> **Provided records**:
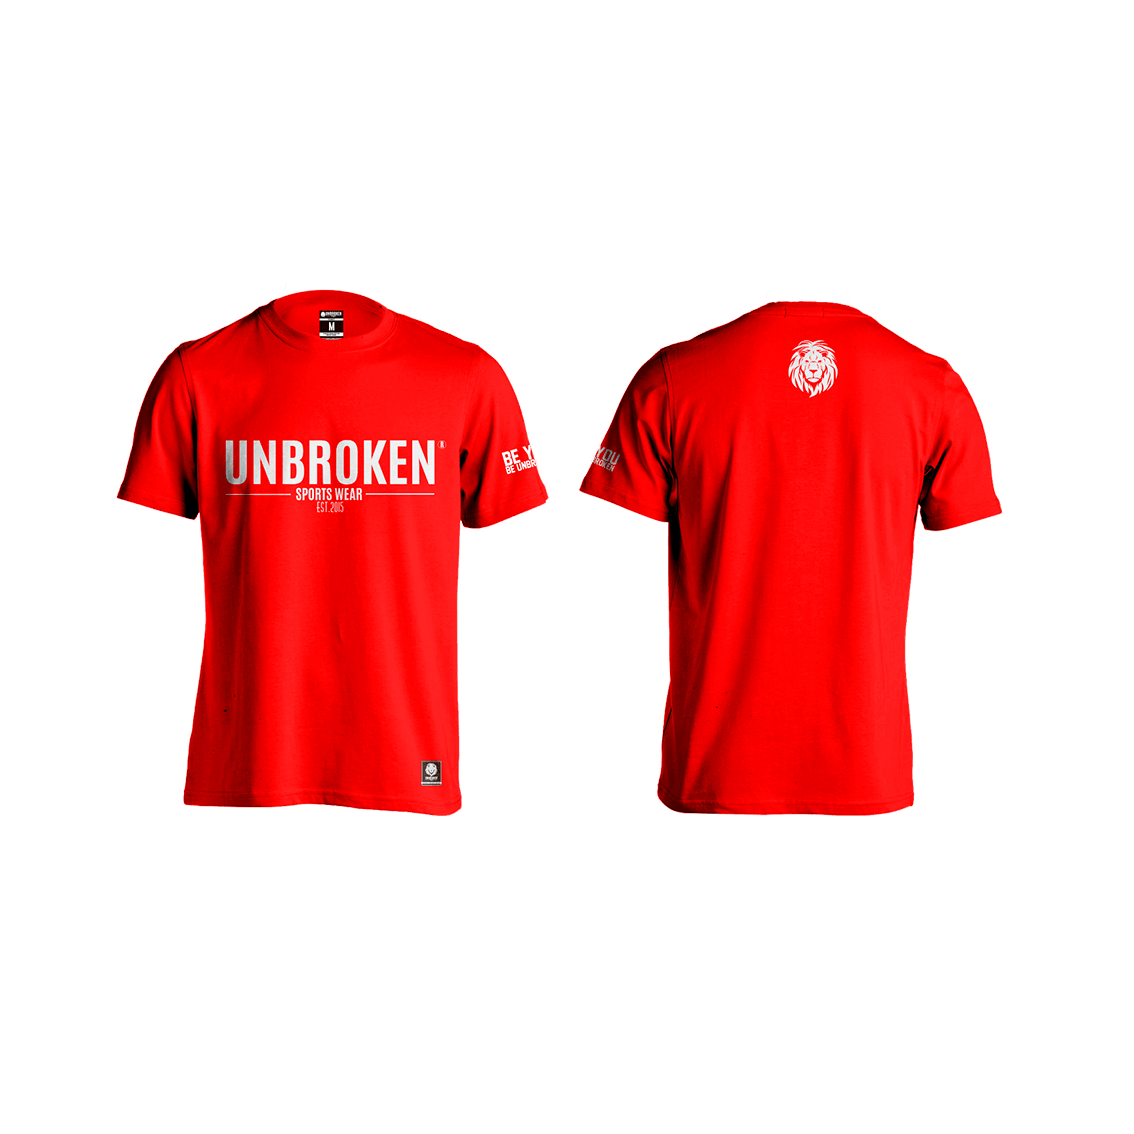 Unbroken Classic Red - Unbroken Sports Wear 
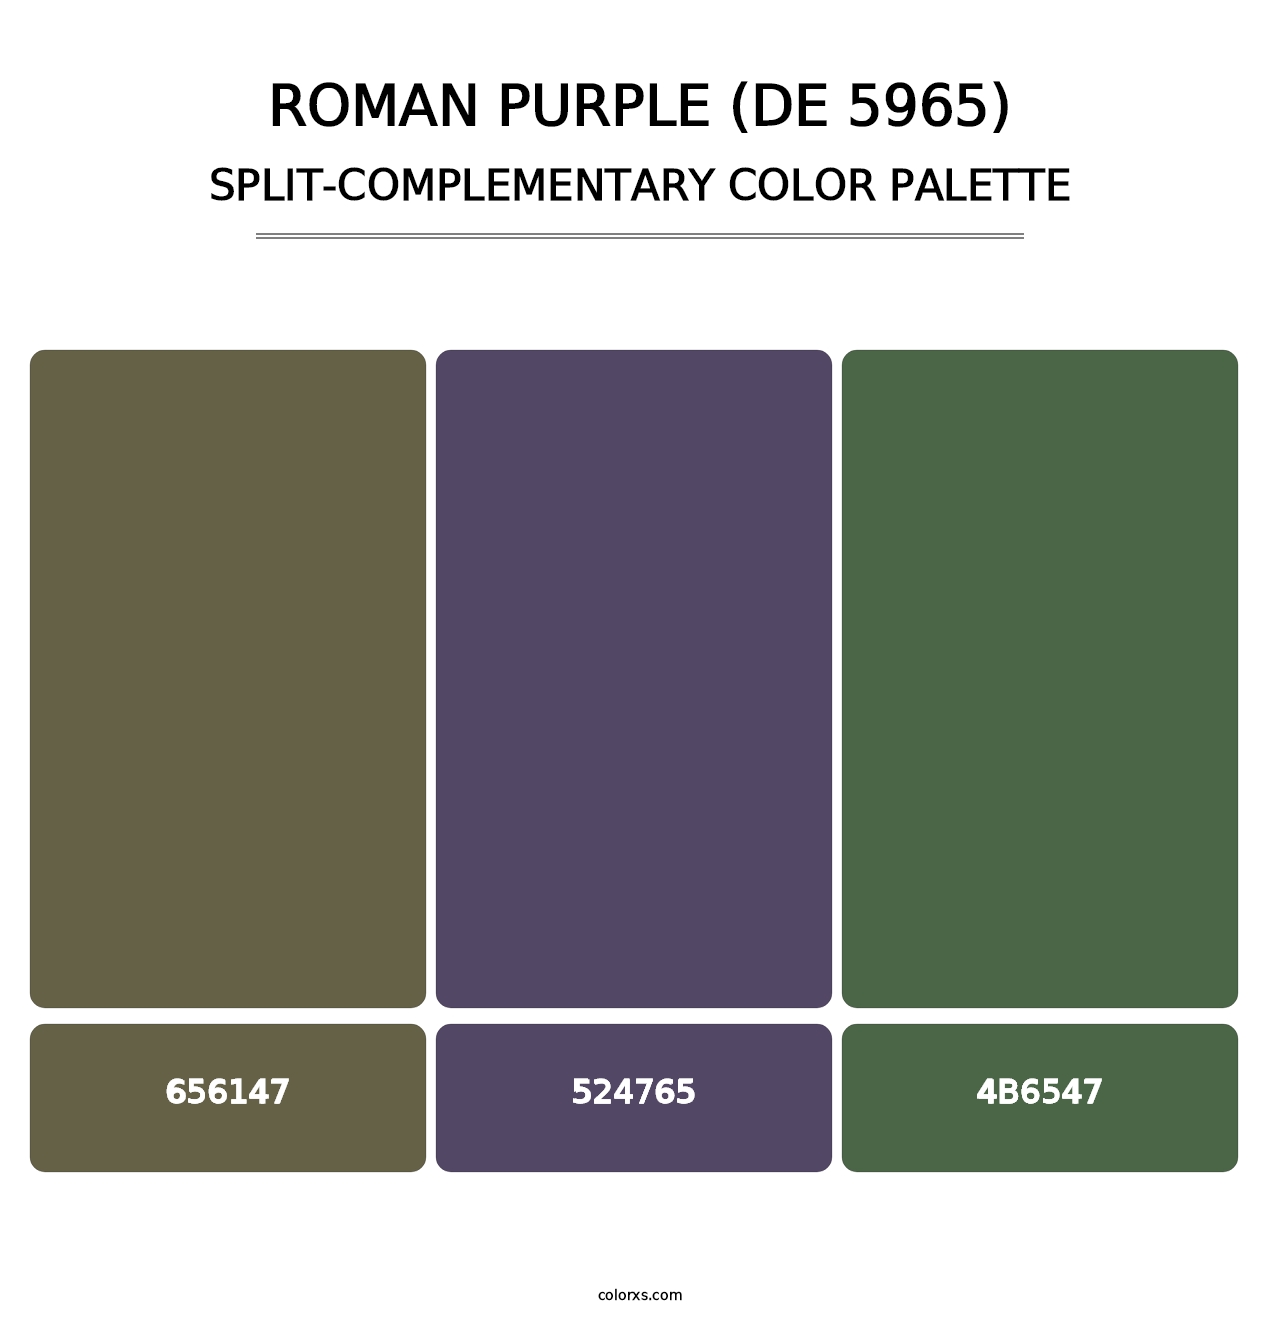 Roman Purple (DE 5965) - Split-Complementary Color Palette
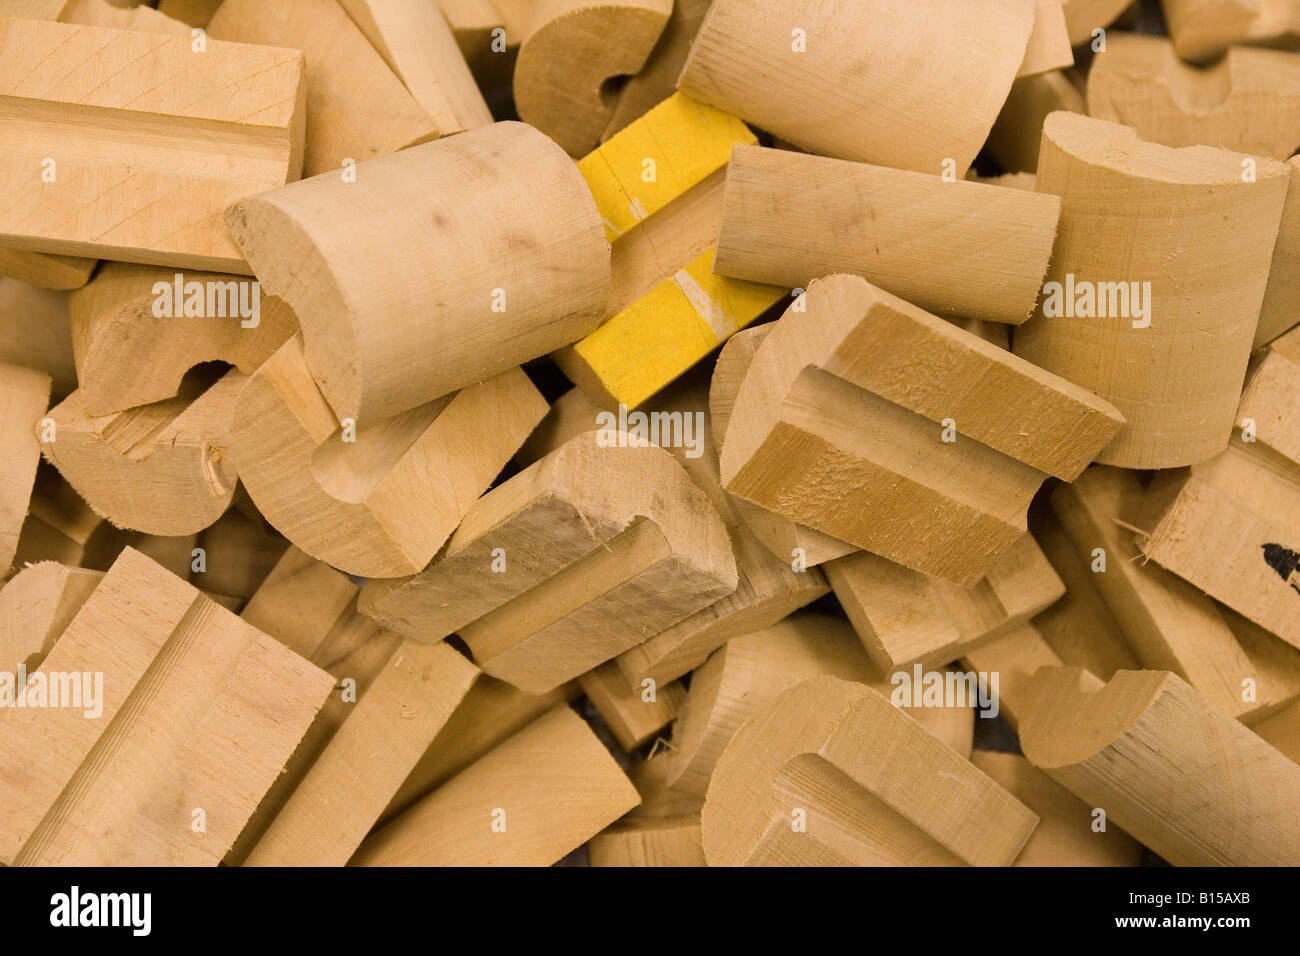 Tuyau en bois poser les isolateurs dans une pile, en attente d'installation. Banque D'Images
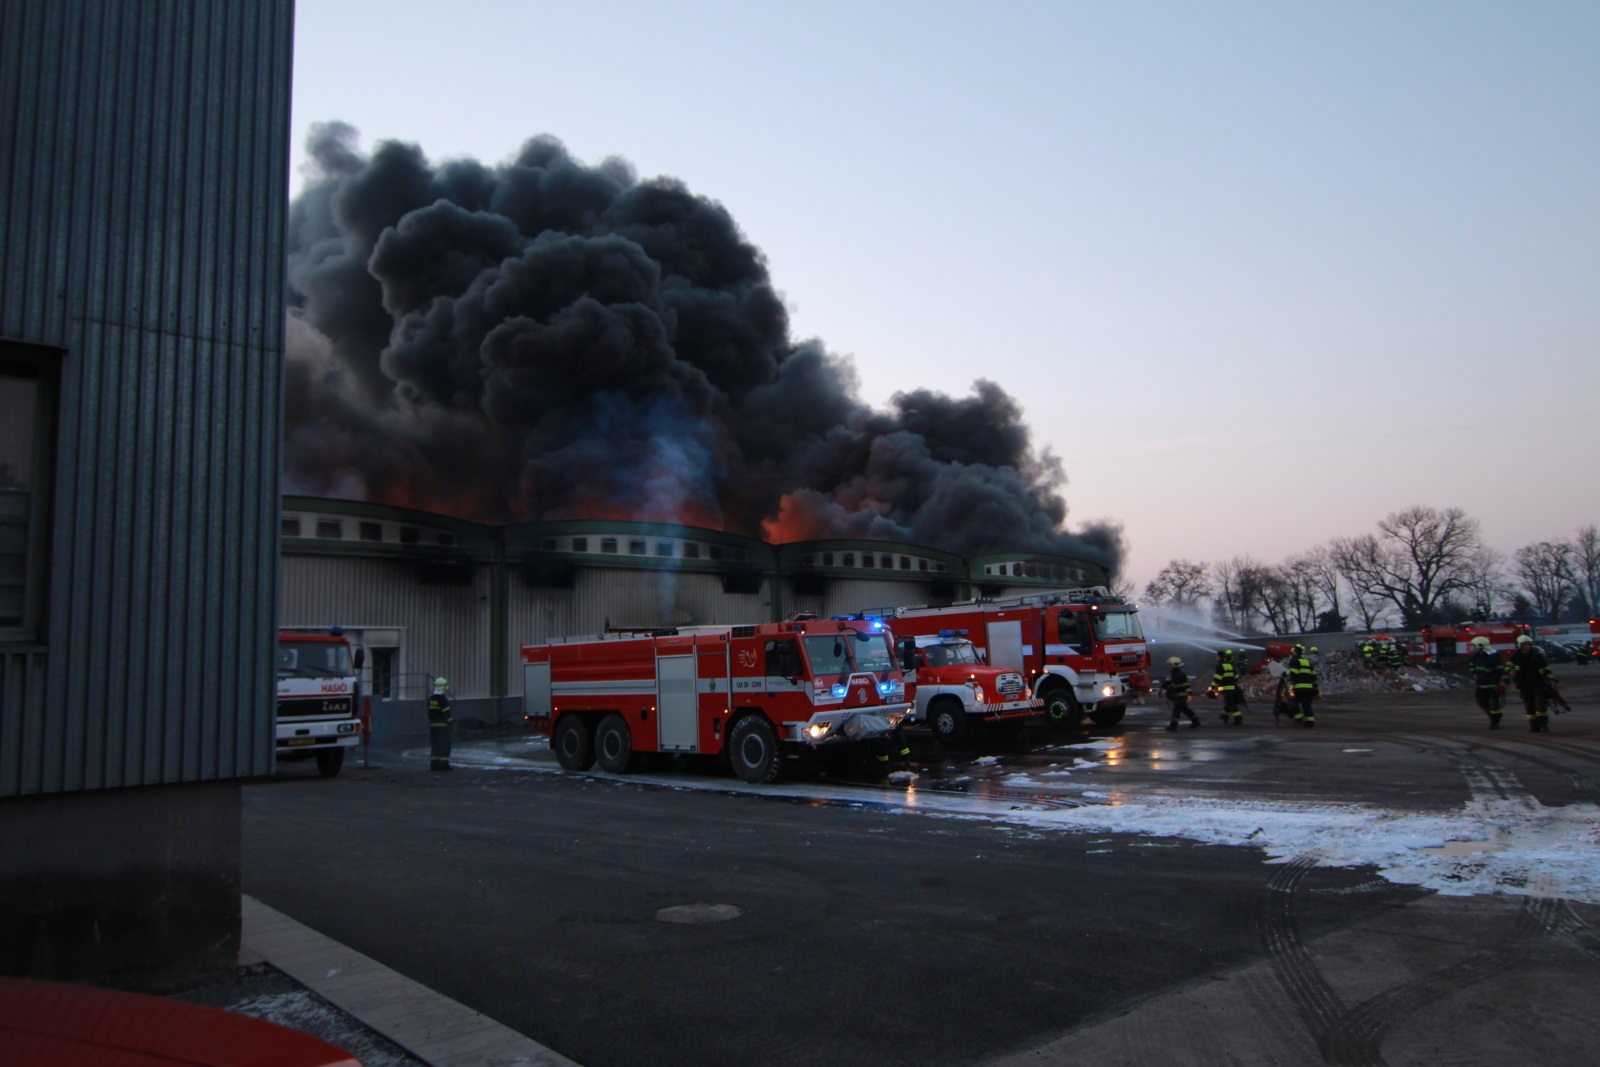 SČK_Požár mrazíren v Mochově_z budovy stoupá hustý černý kouř, před ní stojí hasičská technika a hasiči, kteří zasahují.jpg
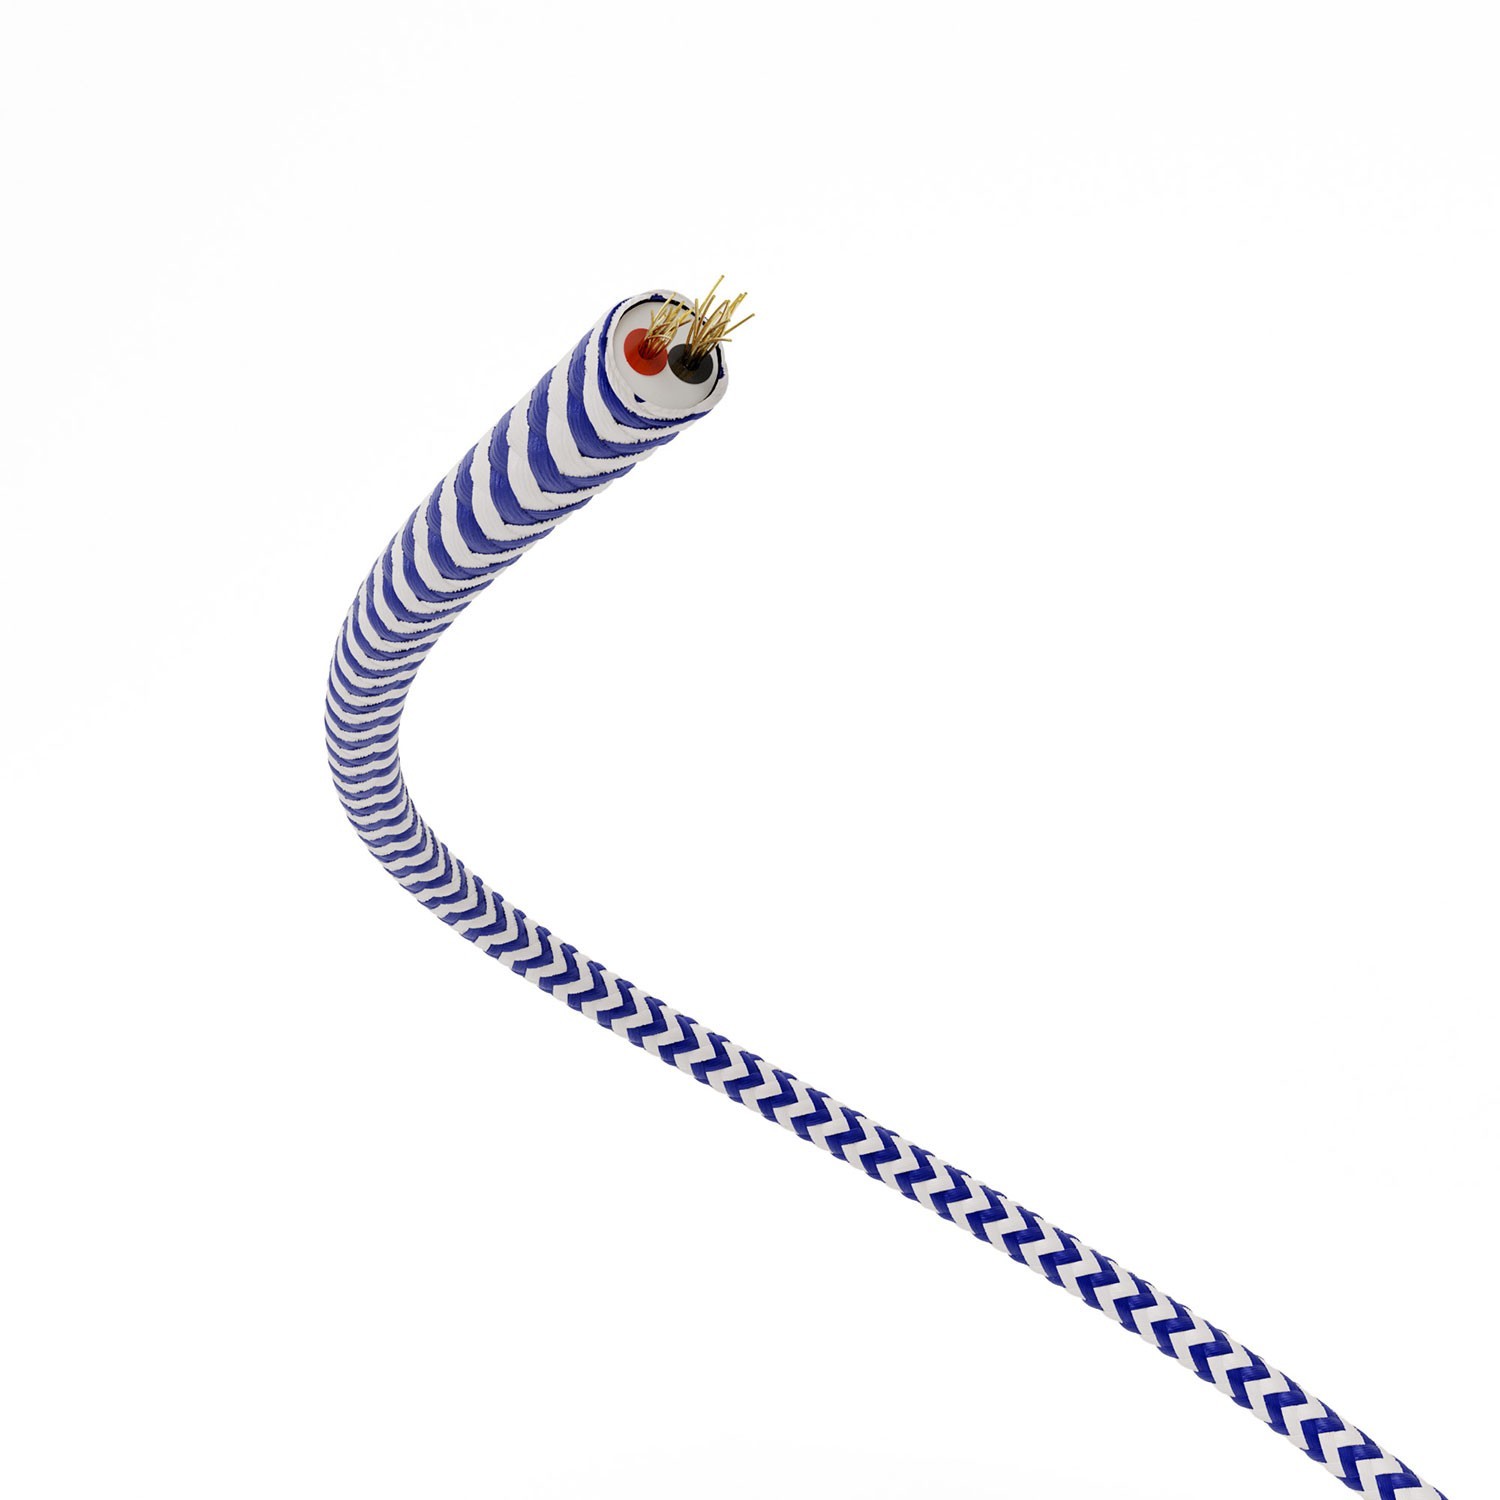 Cable de alimentación Extra Low Voltage revestido de tejido Zig Zag Blanco Azul RZ12 - 50 m

> **Directions for this task**: Reproduce the listing exactly. Do not include its images.

> **Your response**:
 Unbroken Classic Red - Unbroken Sports Wear 
 Roman Purple (DE 5965) - Split-Complementary Color Palette
 Tuyau en bois poser les isolateurs dans une pile, en attente d'installation. Banque D'Images
 SČK_Požár mrazíren v Mochově_z budovy stoupá hustý černý kouř, před ní stojí hasičská technika a hasiči, kteří zasahují.jpg
 Cable de alimentación Extra Low Voltage revestido de tejido Zig Zag Blanco Azul RZ12 - 50 m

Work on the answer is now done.